Plate 2: V flor scopulum: the Ocean Mist Flower. The name is a misnomer: the Ocean Mist Flower is not a flower, but a coral animalcule of the aerial reefs of the Tellus Ocean. The seeming petals are absorption surfaces drawing moisture from the frequent ocean fogs of those latitudes. Pistils and stamen bear sticky palps, which function in the same fashion as Terrene spiderwebs, trapping prey. Venus boasts an entire ecosystem of marine insects unknown on Earth.
This cut is the most three-dimensional of Lady Ida’s Botanica Veneris. Reproductions only hint at the sculptural quality of the original. The “petals” have been curled at the edges over the blunt side of a pair of scissors. Each of the 208 palps has been sprung so that they stand proud from the black paper background.
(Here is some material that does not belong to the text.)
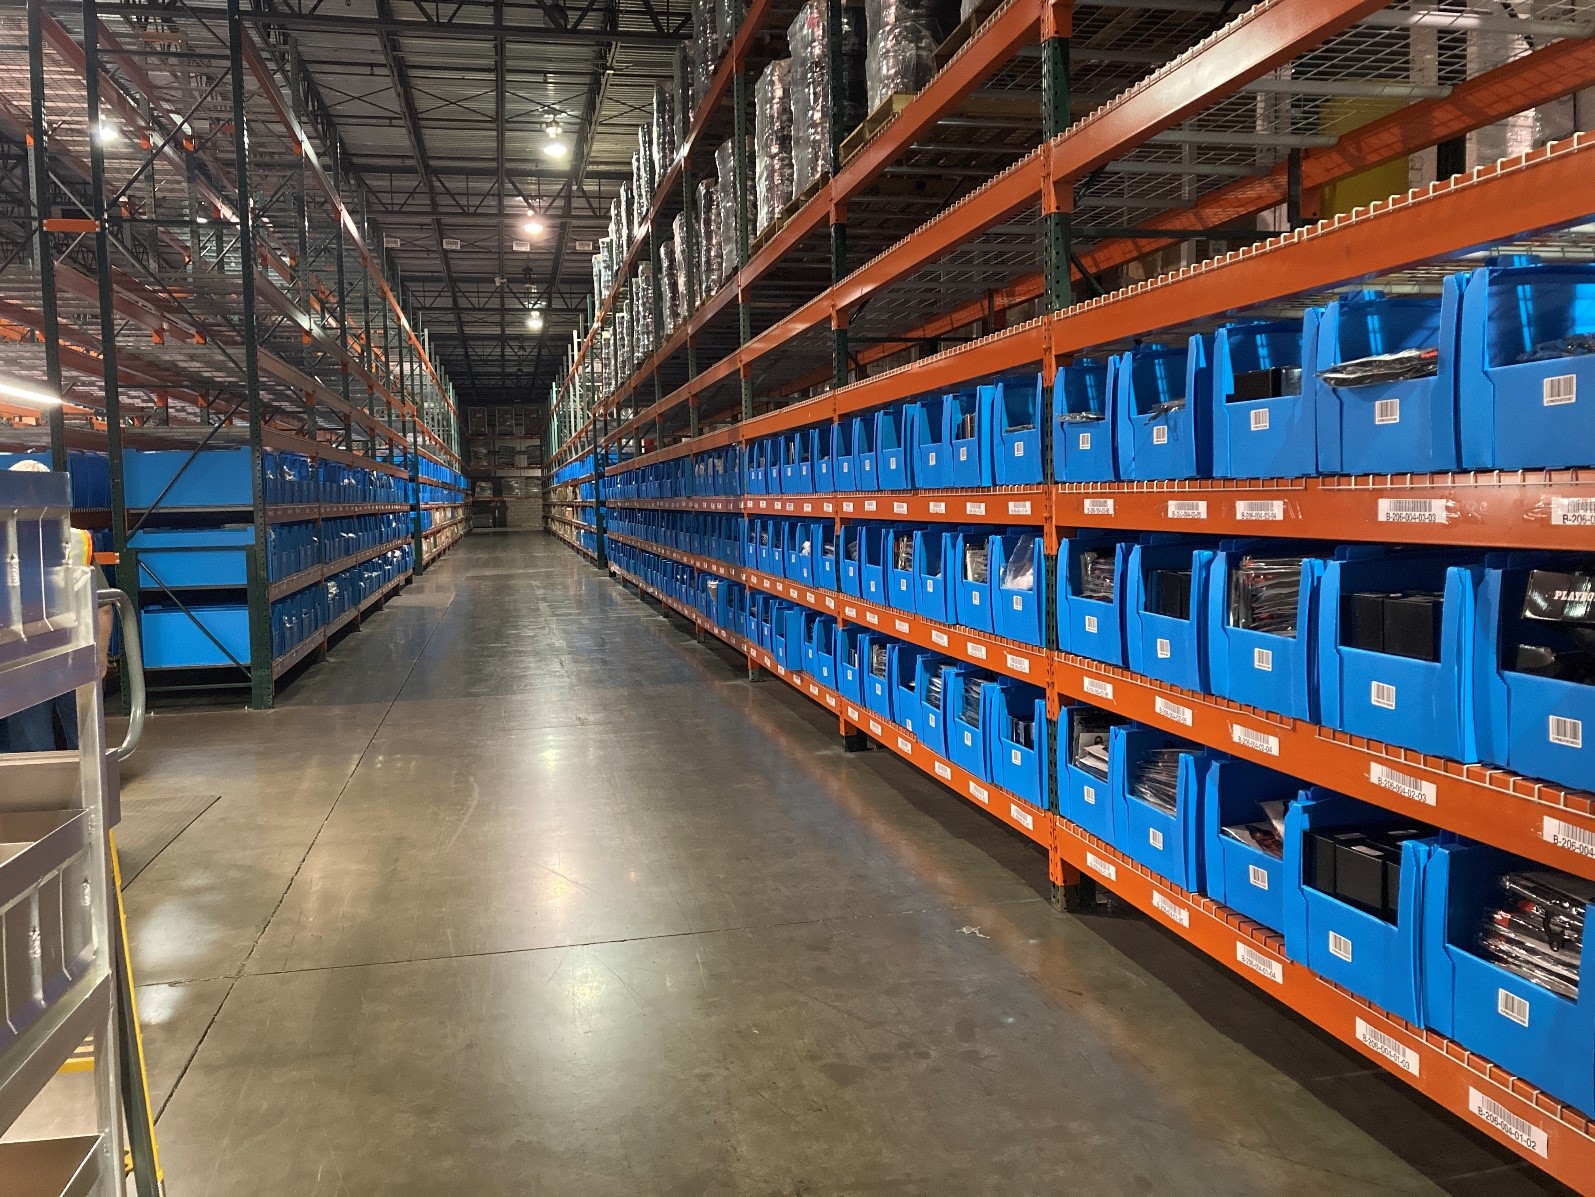 Flexcon warehouse bins racked

Onion paper, hard-painted card.
THE HONORARY CONSUL’S TALE
PEARLS OF APHRODITE. TRULY, THE PEARLS BEYOND PRICE. THE pearls of Starosts and Aztars. But the cloud reefs are perilous, Lady Ida. Snap a man’s body clean in half, those bivalves. Crush his head like a Vulpeculan melon. Snare a hand or an ankle and drown him. Aphrodite’s Pearls are blood pearls. A fortune awaits anyone, my dear, who can culture them. A charming man, Arthur Hyde—that brogue of his made anything sound like the blessing of heaven itself. Charm the avios from the trees—but natural, unaffected. It was no surprise to learn he was of aristocratic stock. Quality: you can’t hide it. In those days, I owned a company—fishing trips across the archipelago. The legend of the Ourogoonta, the Island that is a Fish, was a potent draw. Imagine hooking one of those! Of course, they never did. No, I’d take them out, show them the cloud reefs, the Krid hives, the wing-fish migration, the air-jellies; get them pissed on the boat, take their photographs next to some thawed-out javelin-fish they hadn’t caught. Simple, easy, honest money. Why wasn’t it enough for me? I had done the trick enough times myself, drink one for the punter’s two, yet I fell for it that evening in the Windward Tavern, drinking hot, spiced kashash and the night wind whistling up in the spires of the dead Krid nest-haven like the caged souls of drowned sailors. Drinking for days down the Great Twilight, his one for my two. Charming, so charming, until I had pledged my boat on his plan. He would buy a planktoneer—an old bucket of a sea skimmer with nary a straight plate or a true rivet in her. He would seed her with spores and send her north on the great circulatory current, like a maritime cloud reef. Five years that current takes to circulate the globe before it returns to the arctic waters that birthed it. Five years is also the time it takes the Clam of Aphrodite to mature—what we call pearls are no such thing. Sperm, Lady Ida. Compressed sperm. In waters, it dissolves and disperses. Each Great Dawn the Tellus Ocean is white with it. In the air, it remains compact—the most prized of all jewels. Enough of fluids. By the time the reef ship reached the deep north, the clams would be mature and the cold water would kill them. It would be a simple task to strip the hulk with high-pressure hoses, harvest the pearls, and bank the fortune.